"In another instance, that of a female cat with kittens, something happened to create an anxious mood while the cat was attached to the holder. Until that moment the cat had been contented, and the work of digestion was proceeding normally. But now the movements of the stomach entirely ceased, and the gastric wall became relaxed. Only after the cat had been petted and began to purr did the stomach movements start again.

"I have observed the same thing in dogs and guinea pigs. A very slight emotional disturbance is enough to affect their digestion unfavourably."

Affecting specifically the brain, heart, arteries, stomach, intestines, liver, and glands of internal secretion, worry also has a general adverse effect on the nervous system.

This adverse effect is unmistakably expressed by the haggard, drawn, gaunt aspect of the man who habitually worries, and by his persistent sensations of fatigue.

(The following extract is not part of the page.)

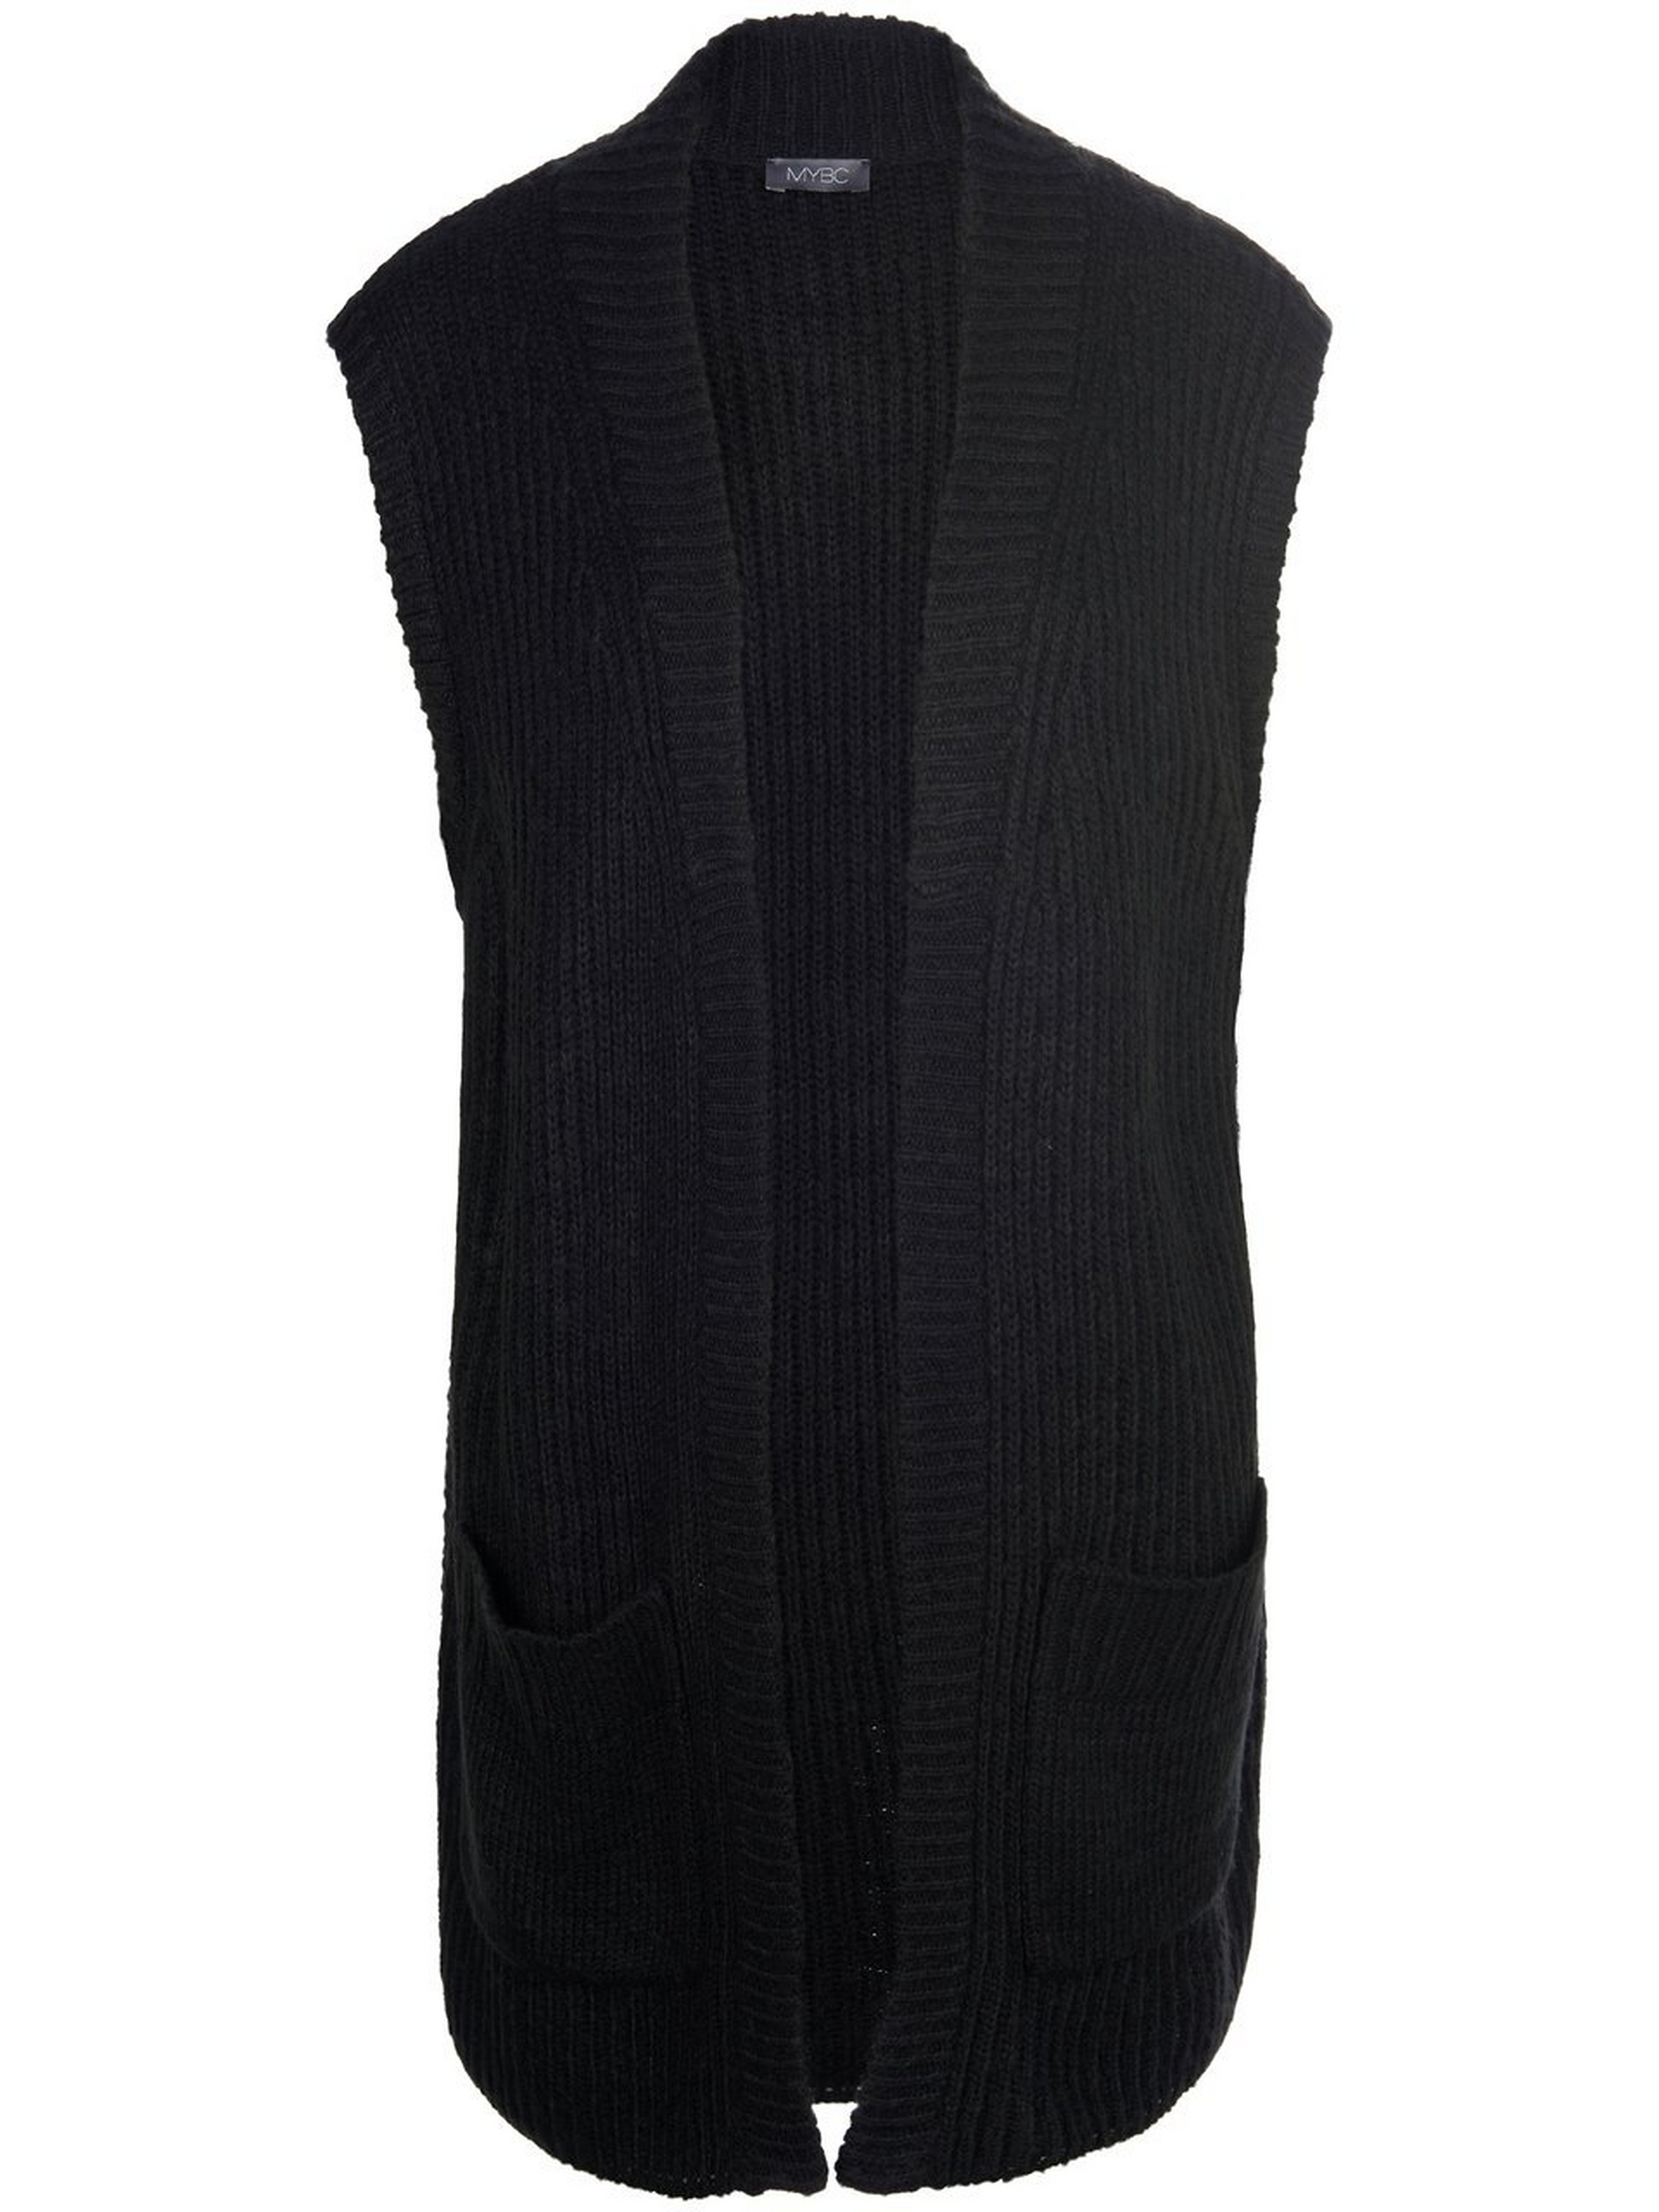 Mouwloos vest in losjes vallend model Van MYBC zwart

What has happened is that his nerve cells are being deprived of the nutrition they need in order to energise him properly. When, on the contrary, the worrier succeeds in changing his mental state—when he contrives to look at things confidently and contentedly—then, in the words of Professor George Van Ness Dearborn, there is a resultant and most beneficial increase in "the operative enthusiasm of the nervous system and of its affectors, the muscles and the glands."

The moral to parents is obvious. Keep children as joyous and happy as possible. By instruction and example, start them early in the path of emotional control. Protect them from needless causes of fear, worry, and anger. And make special efforts to prevent the development or continuance of that curious and most injurious mental attitude—the attitude of sulkiness—grounded in anger and frequently grounded also in sentiments of worry, envy, hatred, and even despair.